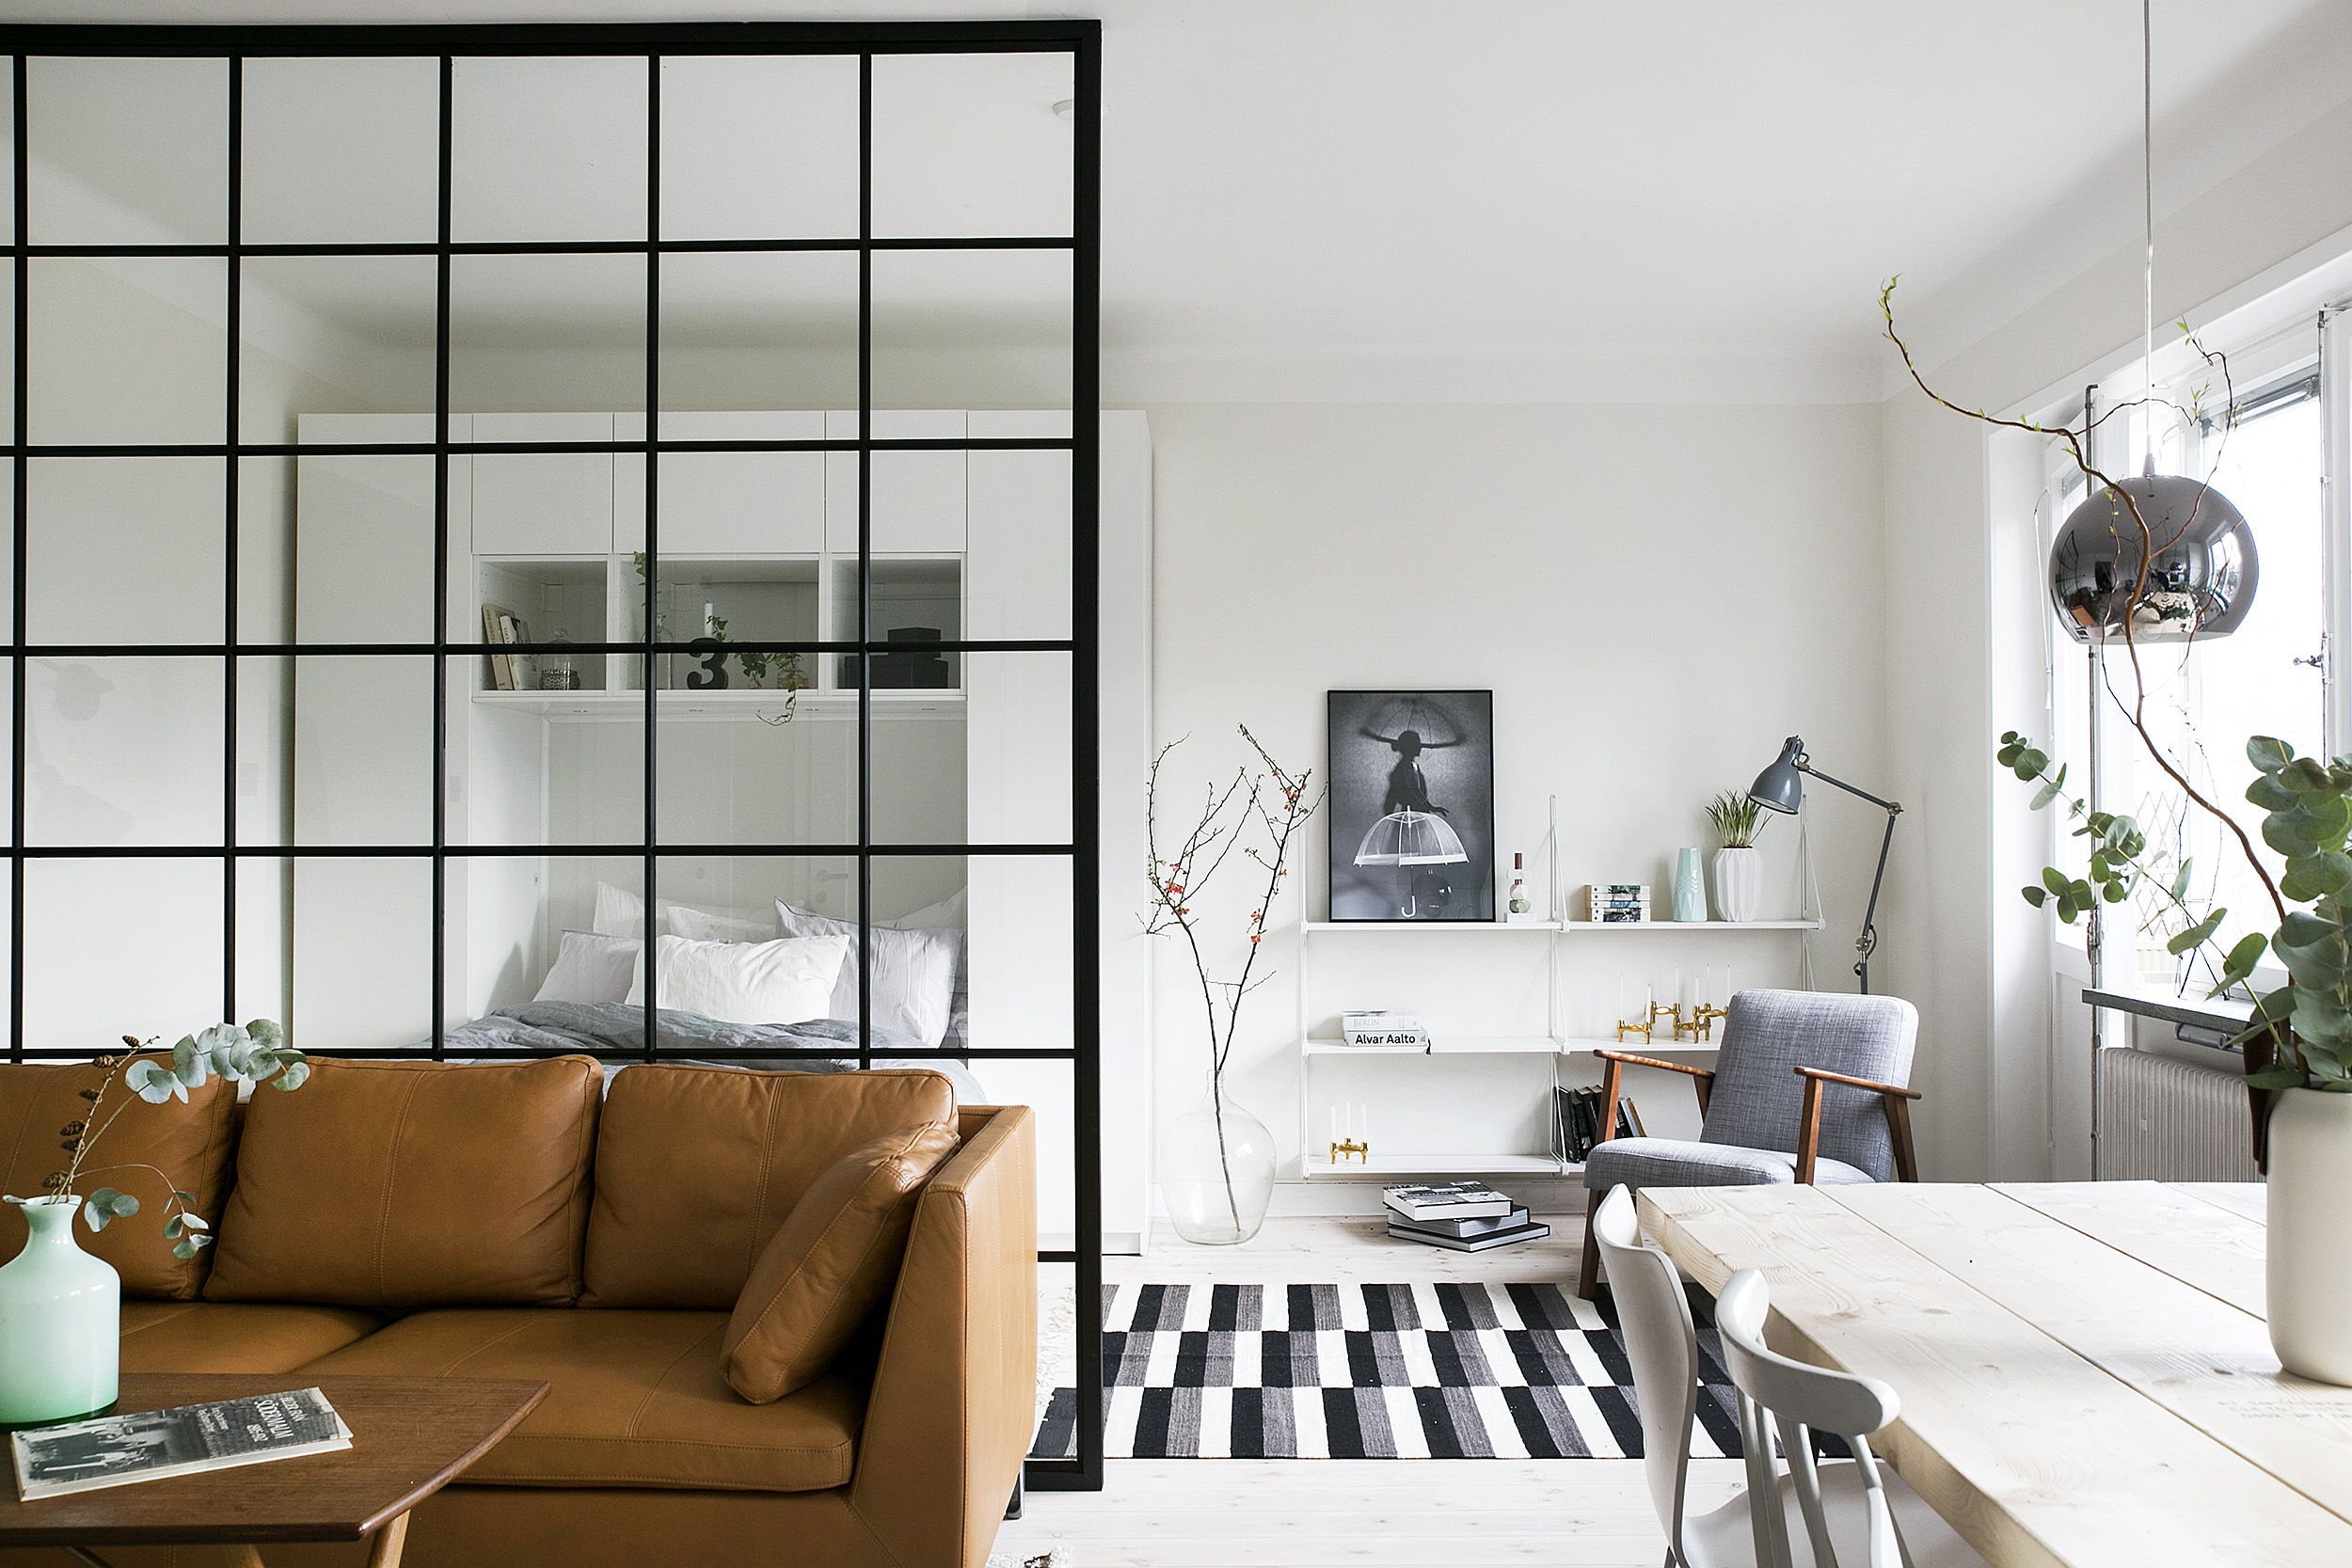 How to Decorate a Studio Apartment - 33 Studio Apartment Ideas
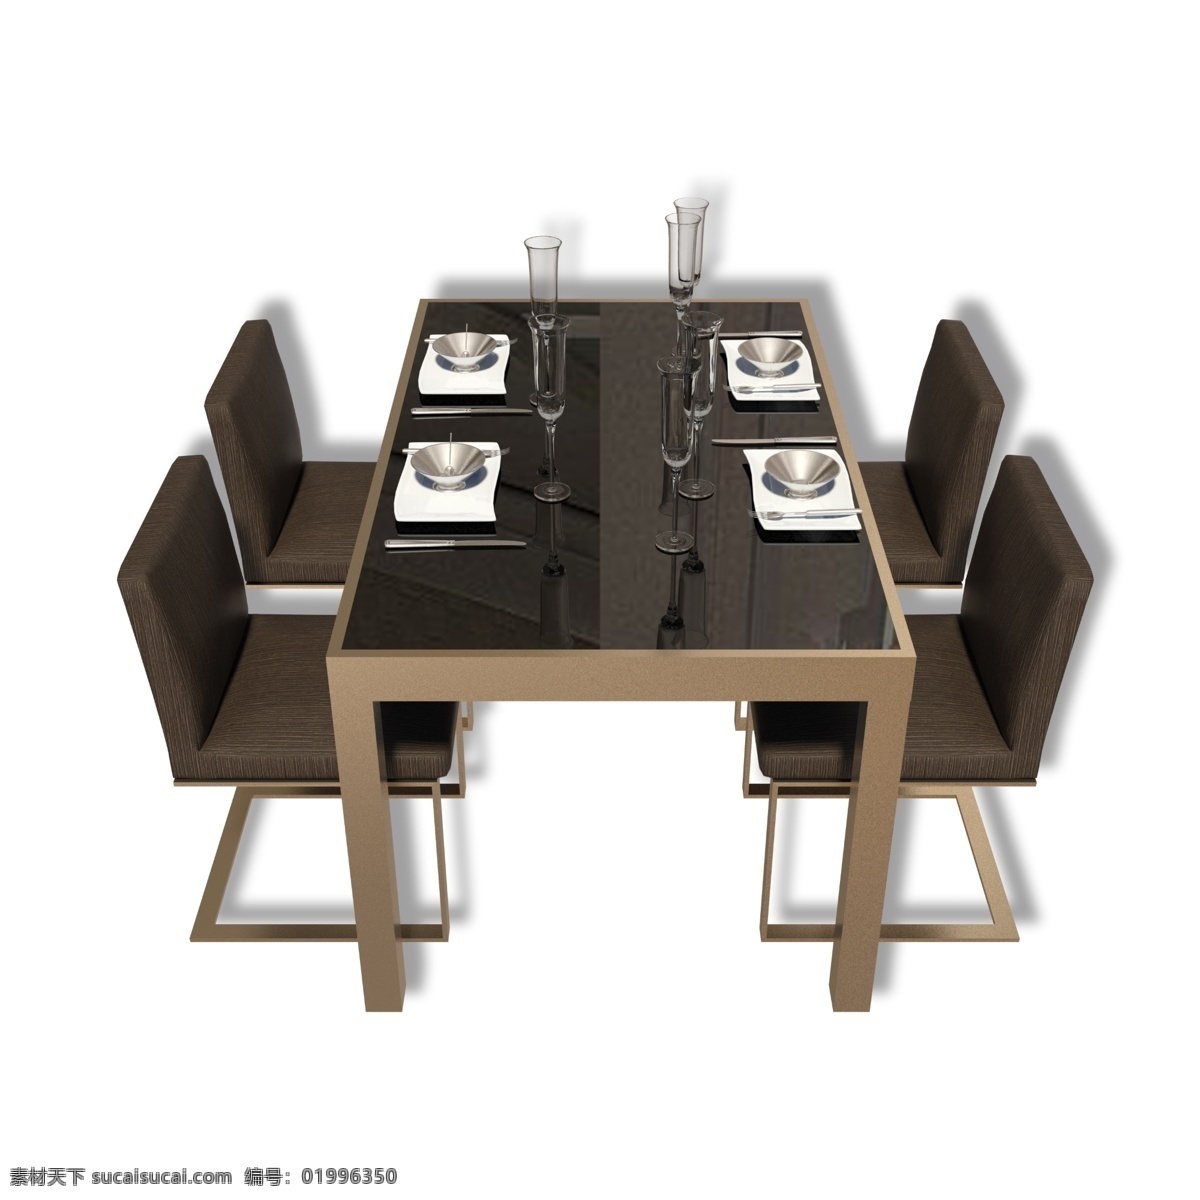 现代餐桌餐椅 餐桌 餐椅 桌子 椅子 饭桌 餐饮 家具
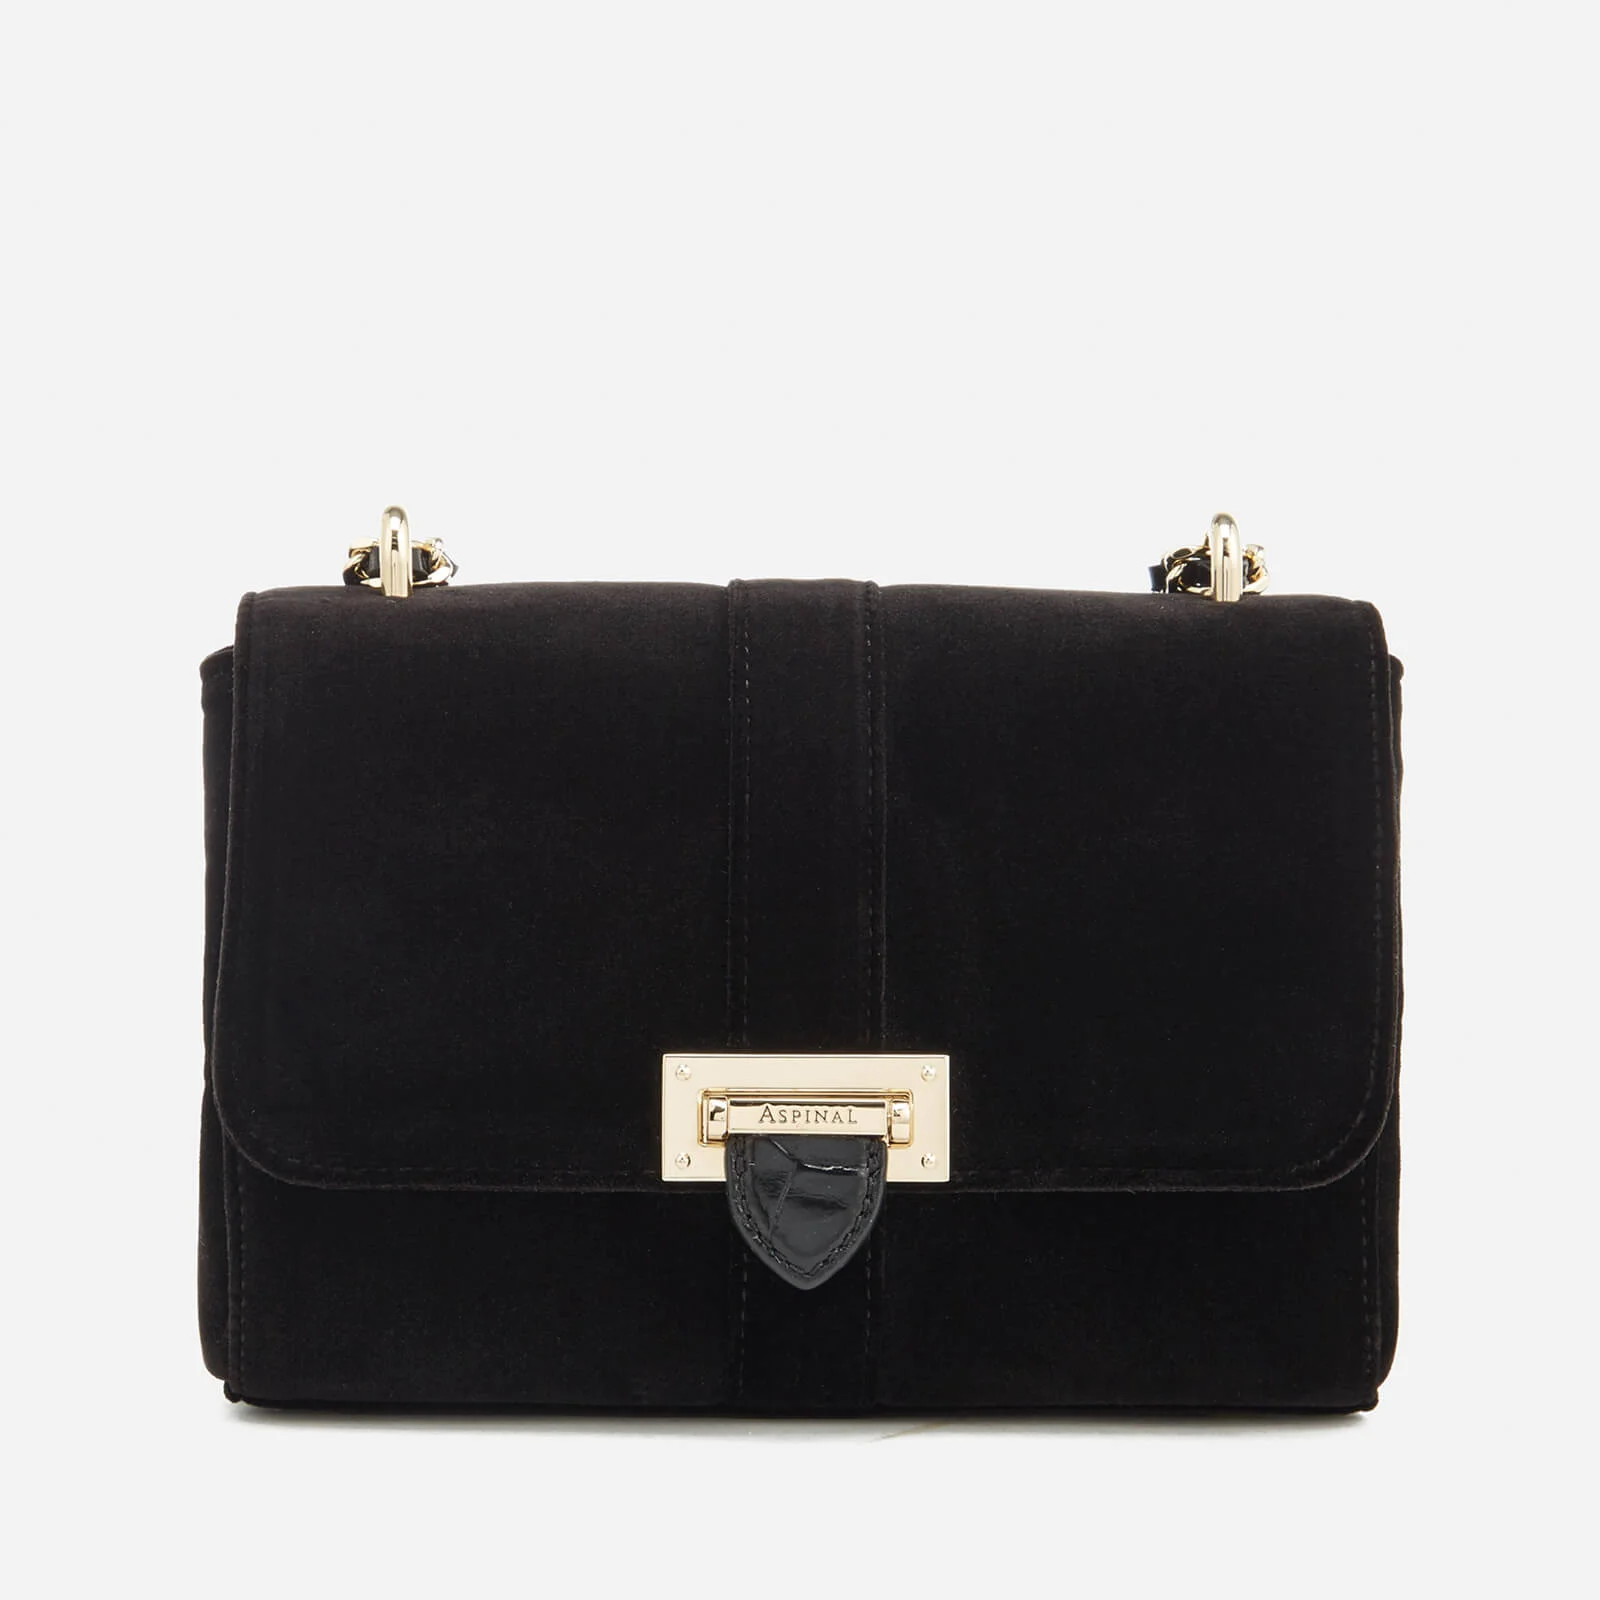 Aspinal of London Women's Velvet Lottie Bag - Black Image 1

__Problem to work on__. Any images must be left out; transcribe the rest of the material exactly.

__Output of the task__.
 How to Decorate a Studio Apartment - 33 Studio Apartment Ideas
 现代餐桌餐椅 餐桌 餐椅 桌子 椅子 饭桌 餐饮 家具
 Aspinal of London Women's Velvet Lottie Bag - Black Image 1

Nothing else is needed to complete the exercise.